• **ACTIVITY**: Range to repeat from the listing below: the line containing "E-book reader beside" down to the line containing "A pregnant woman", both included. Copy it exactly, pictures excluded, and add nothing else.

• **SUPPLIED MATERIAL**:
# # # #

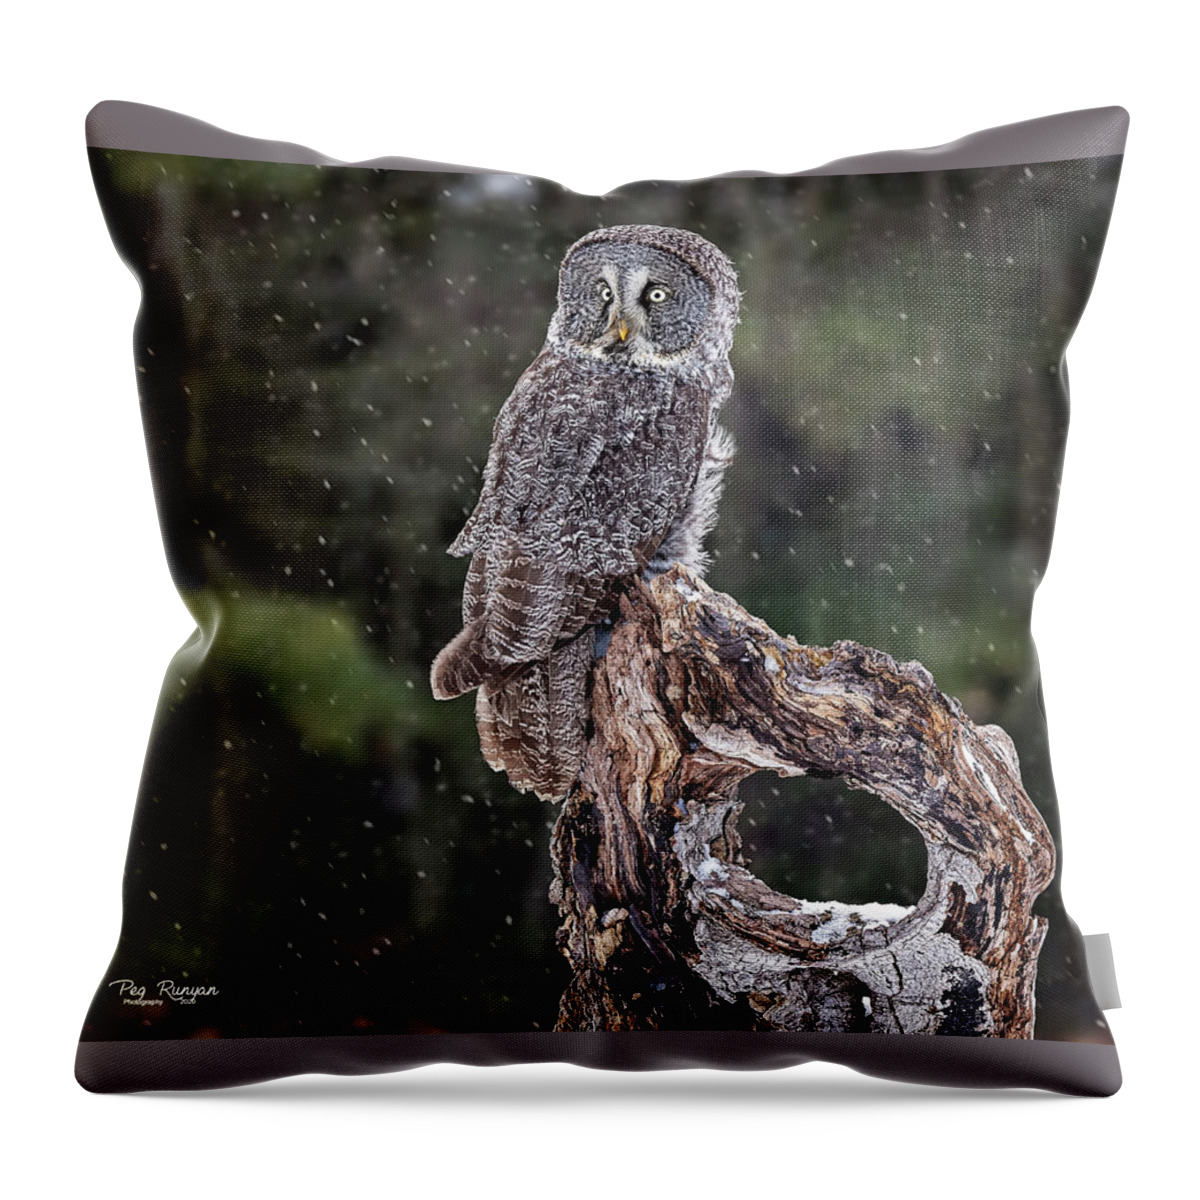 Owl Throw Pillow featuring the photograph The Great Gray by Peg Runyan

# # # #

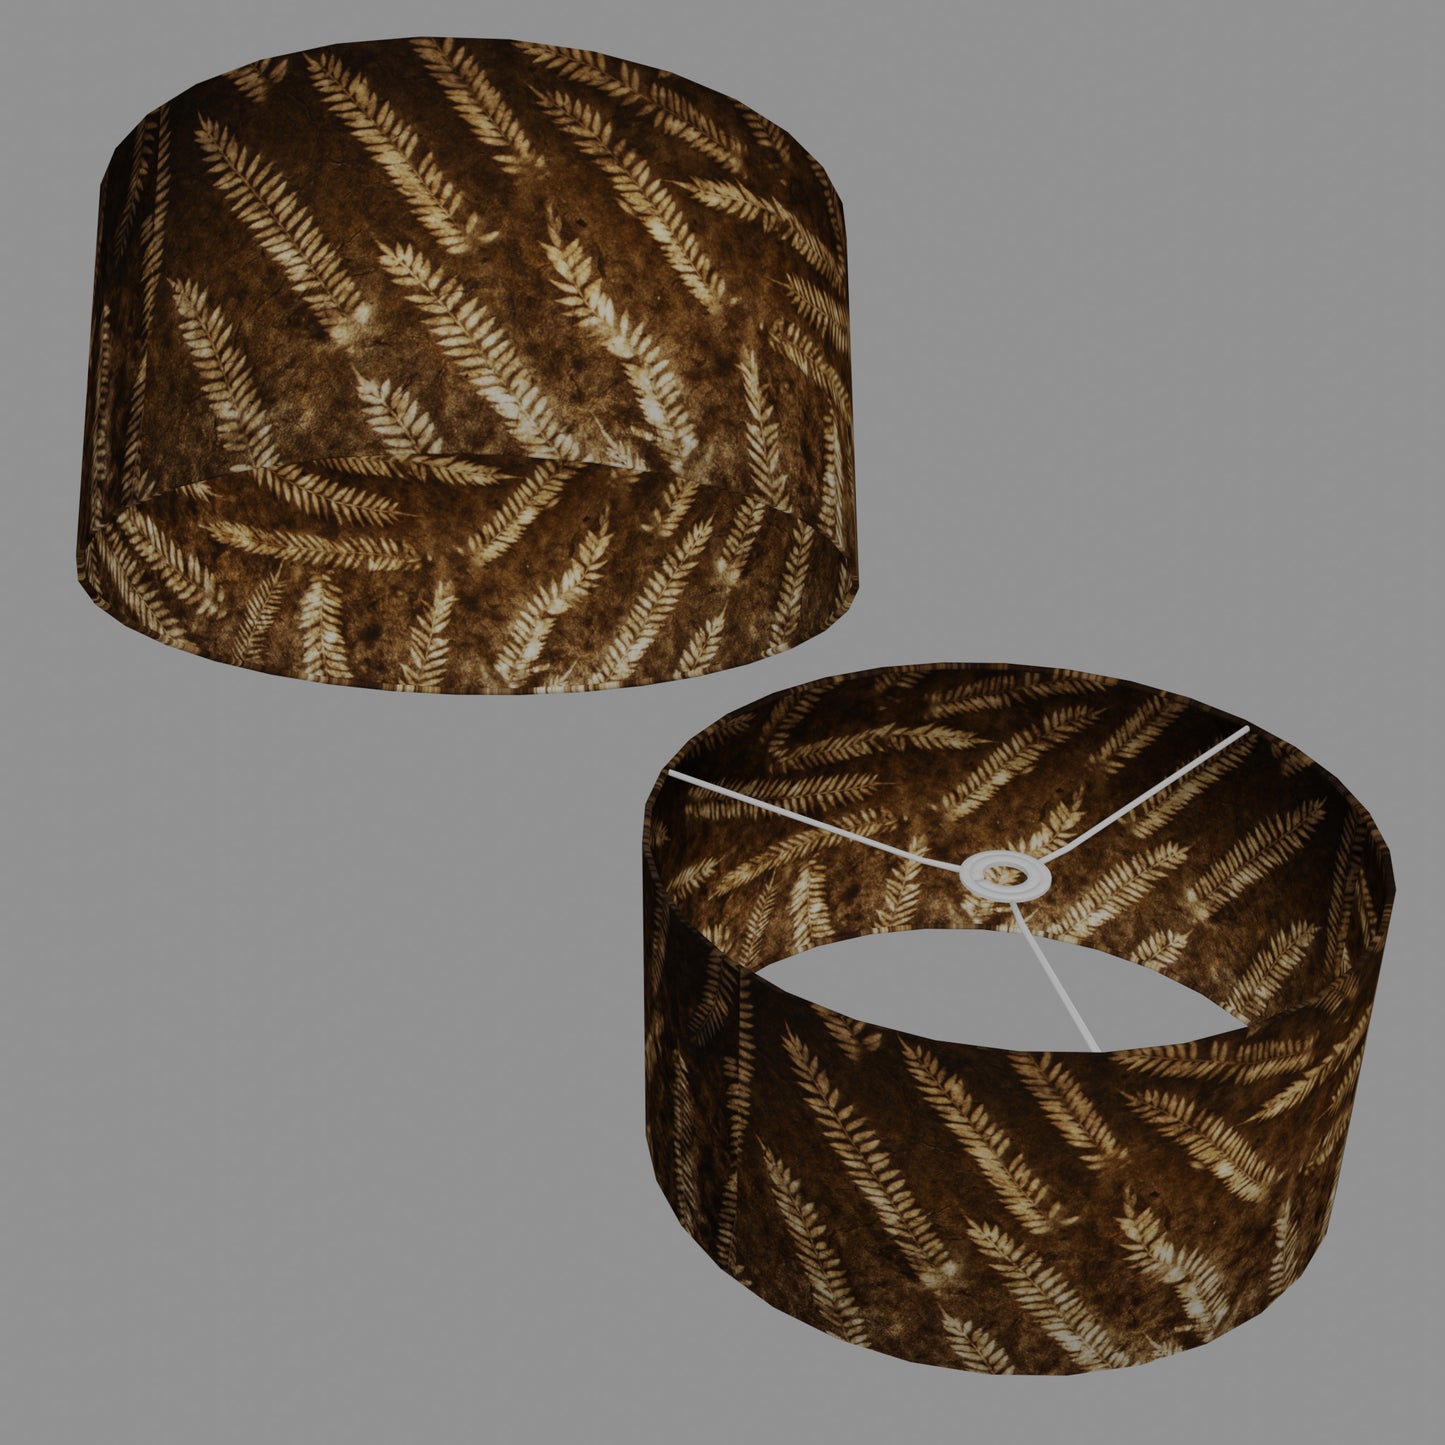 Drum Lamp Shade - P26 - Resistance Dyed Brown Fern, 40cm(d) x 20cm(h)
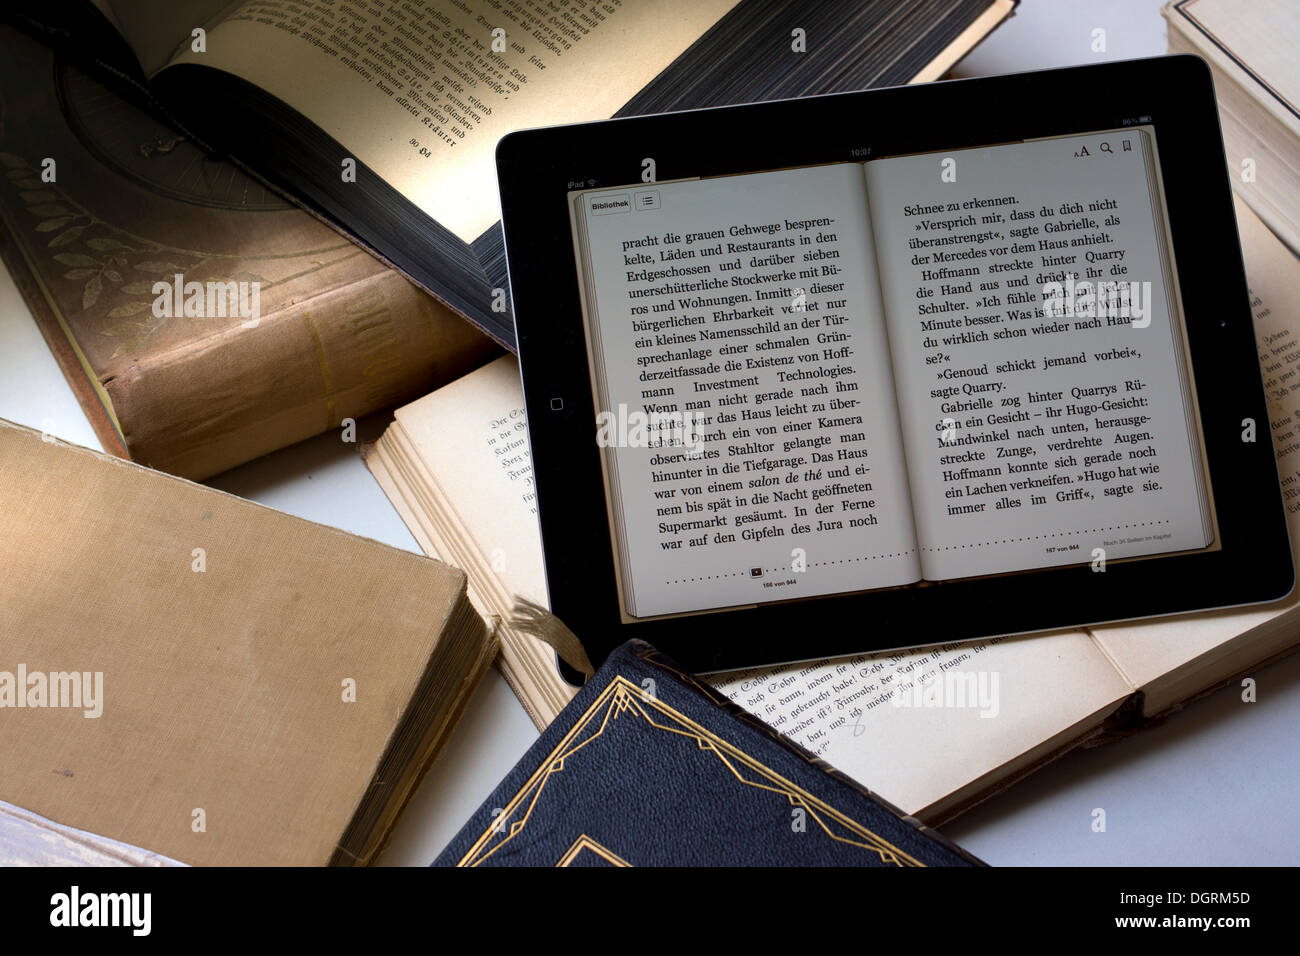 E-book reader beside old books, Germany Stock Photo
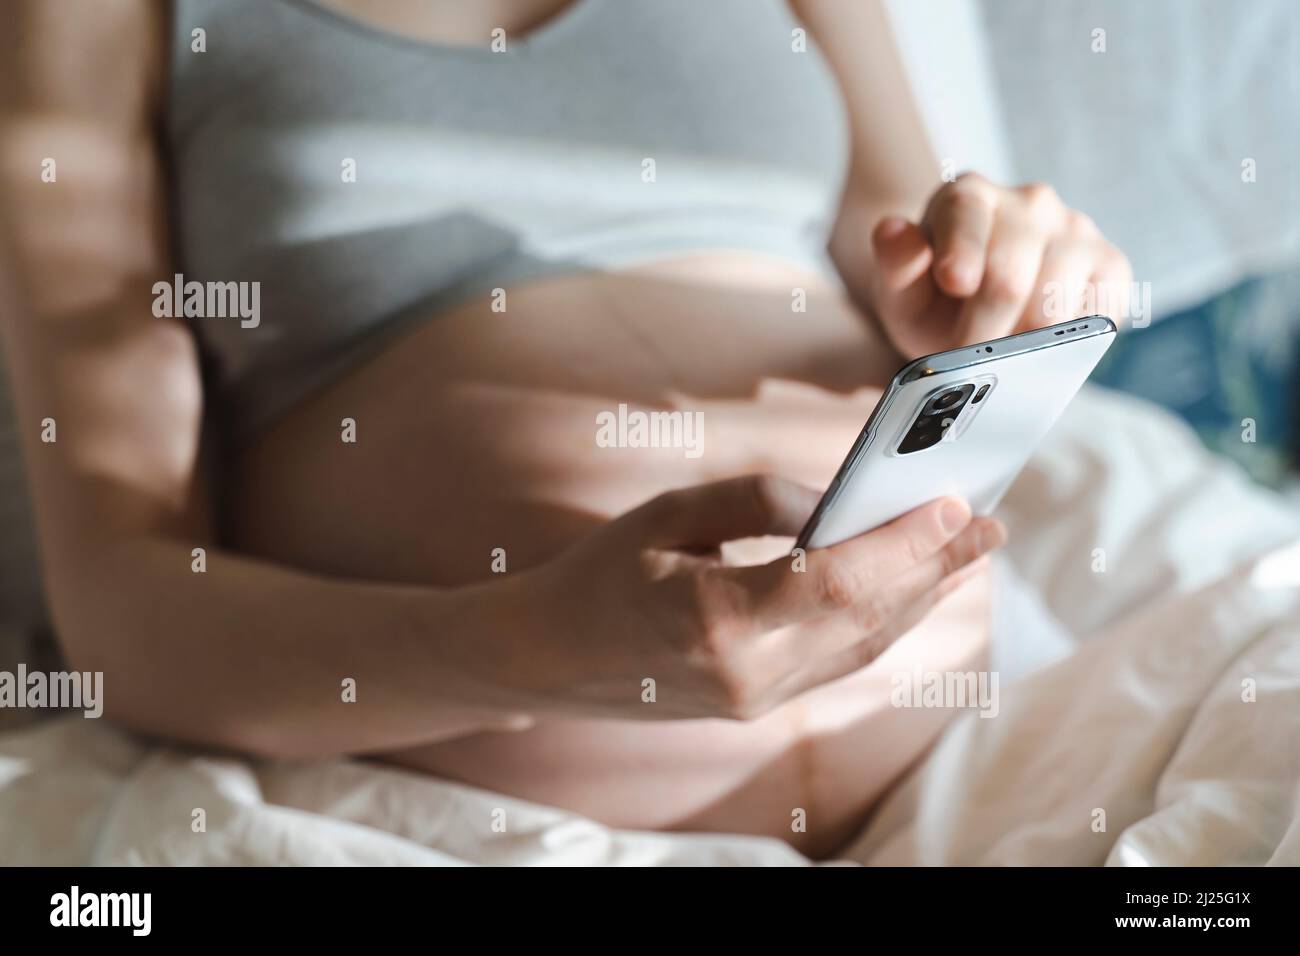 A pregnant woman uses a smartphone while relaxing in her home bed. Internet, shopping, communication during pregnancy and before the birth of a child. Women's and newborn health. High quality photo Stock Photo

# # # #

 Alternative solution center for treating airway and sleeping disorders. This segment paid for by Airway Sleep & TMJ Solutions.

# # # #

• **RESPONSE TO THE EXERCISE**:
 E-book reader beside old books, Germany Stock Photo
 A pregnant woman uses a smartphone while relaxing in her home bed. Internet, shopping, communication during pregnancy and before the birth of a child. Women's and newborn health. High quality photo Stock Photo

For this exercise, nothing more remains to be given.